Happy Earth Day from IBC Engineering Services!

While there are a lot of reasons for alarm and concern with regard to the state of our environment, and lasting international and national policies remain elusive, we at IBC remain hopeful about our ability to make a positive difference in our daily work.

In the words of our Vice President and resident guru Lev Zvenyach, “Innovation begins when you change the way you look at things.”  With that in mind, let’s take a closer look at where our energy comes from and how it’s used in the US.

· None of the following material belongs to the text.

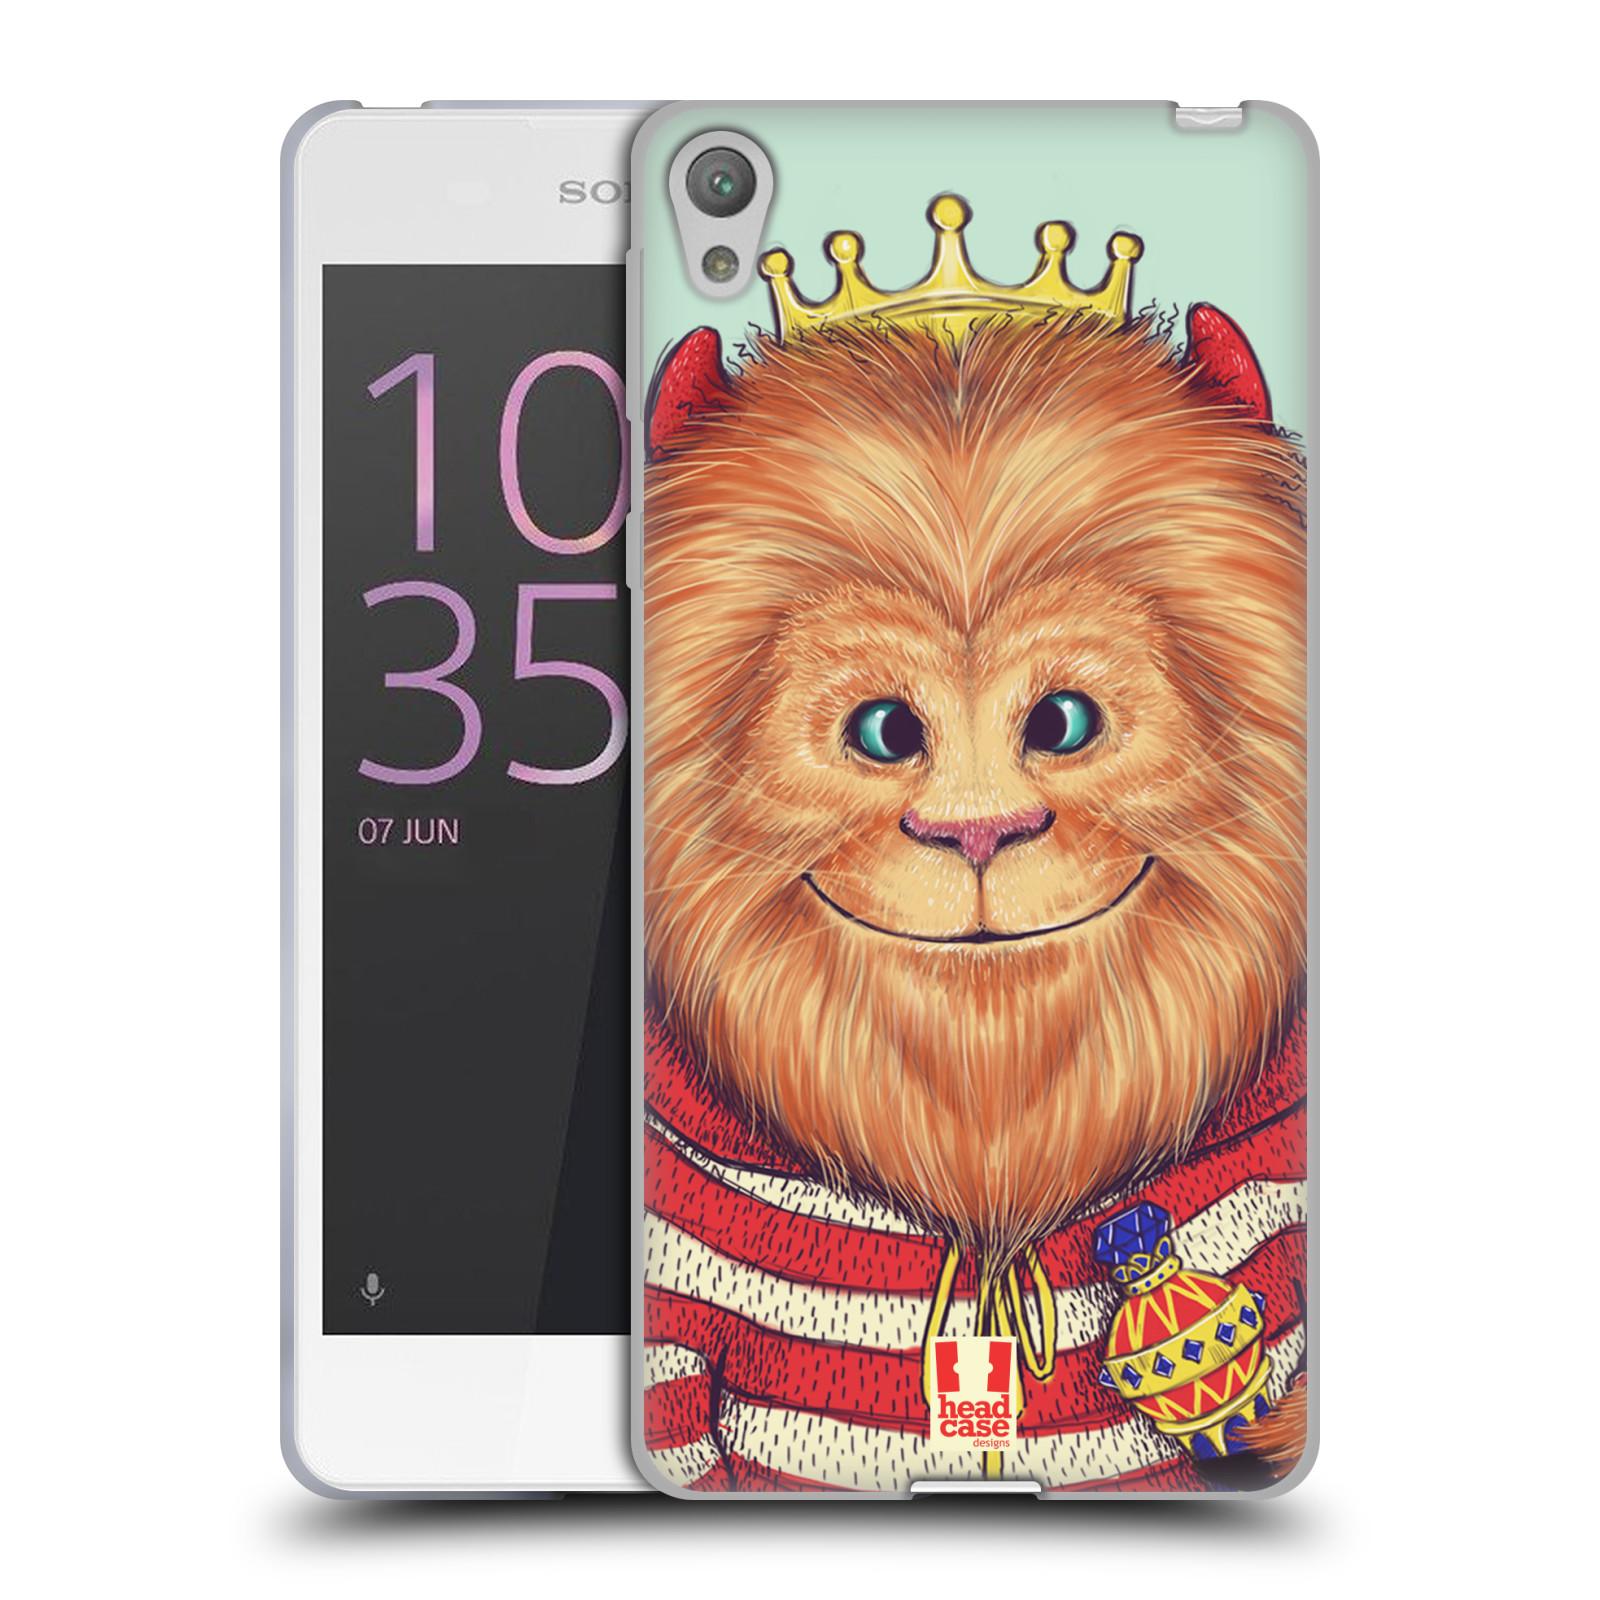 HEAD CASE silikonový obal na mobil SONY XPERIA E5 vzor Kreslená zvířátka lev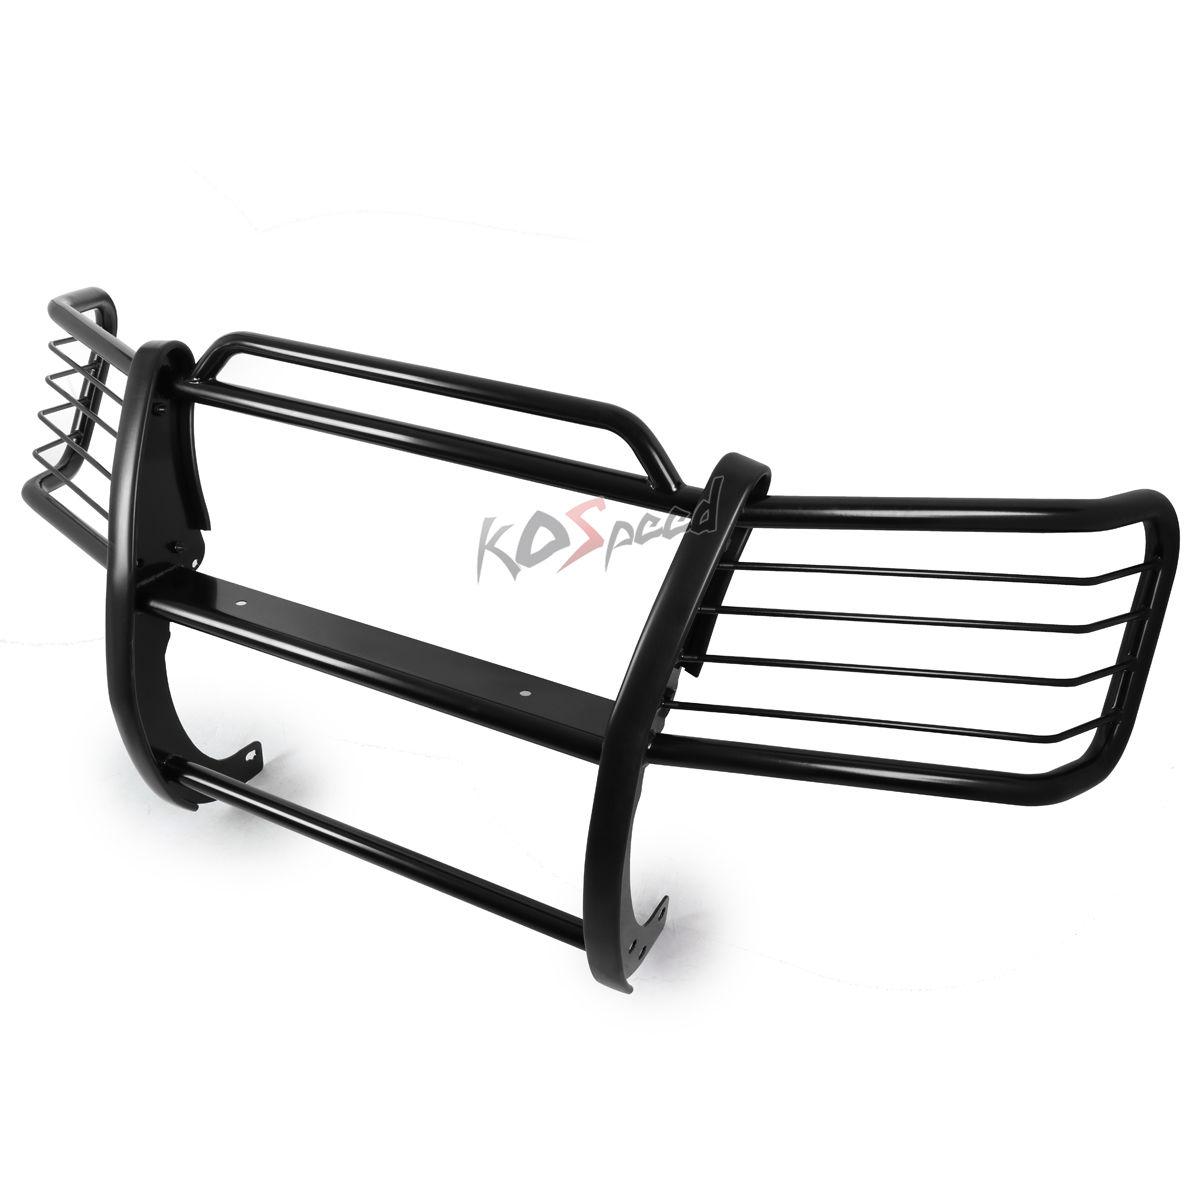 グリル 黒の軽いスチールブラシグリルガードフレームバー08-10 F250の - F550のSD Superduty Black Mild Steel Brush Grille Guard Frame Bar for 08-10 F250-F550 SD Superduty

This is a Sankey diagram from Lawrence Livermore National Lab showing the pathways fuels take to different sectors of the economy.  This diagram shows the alarming fact that some 58% of total energy consumed never performs any service!  That is astounding, and demands understanding and solutions.  To put it in context globally, that huge gray box of “rejected energy”—largely waste heat—is more than three times the primary energy that the entire continent of Africa used in 2010[1].

From my office in Washington, DC, I hear a lot of big talk about the left side of the energy picture—how big different fuels’ shares are; their security, supply, and pricing.  With all that focus, it’s easy to forget that less than half of the original energy content ends up delivering any tangible service to consumers.

While our work at IBC primarily focuses on safely, efficiently, and economically delivering energy services those services represented at the right side of the diagram, we know that doing our job well can provide compound benefits upstream by avoiding the need for the energy in the first place, and all the waste that goes along with converting and delivering it.  While we can only reach so many projects at a time, we strive to make those projects as good as possible—both for our clients and the planet.

It has been said that technology is about minimizing the conflict between competing priorities; good design is eliminating that conflict.  While we are always excited about new gadgets and techniques, we try not to confuse invention with innovation, and to make sure we’re looking at the right sight of the problem.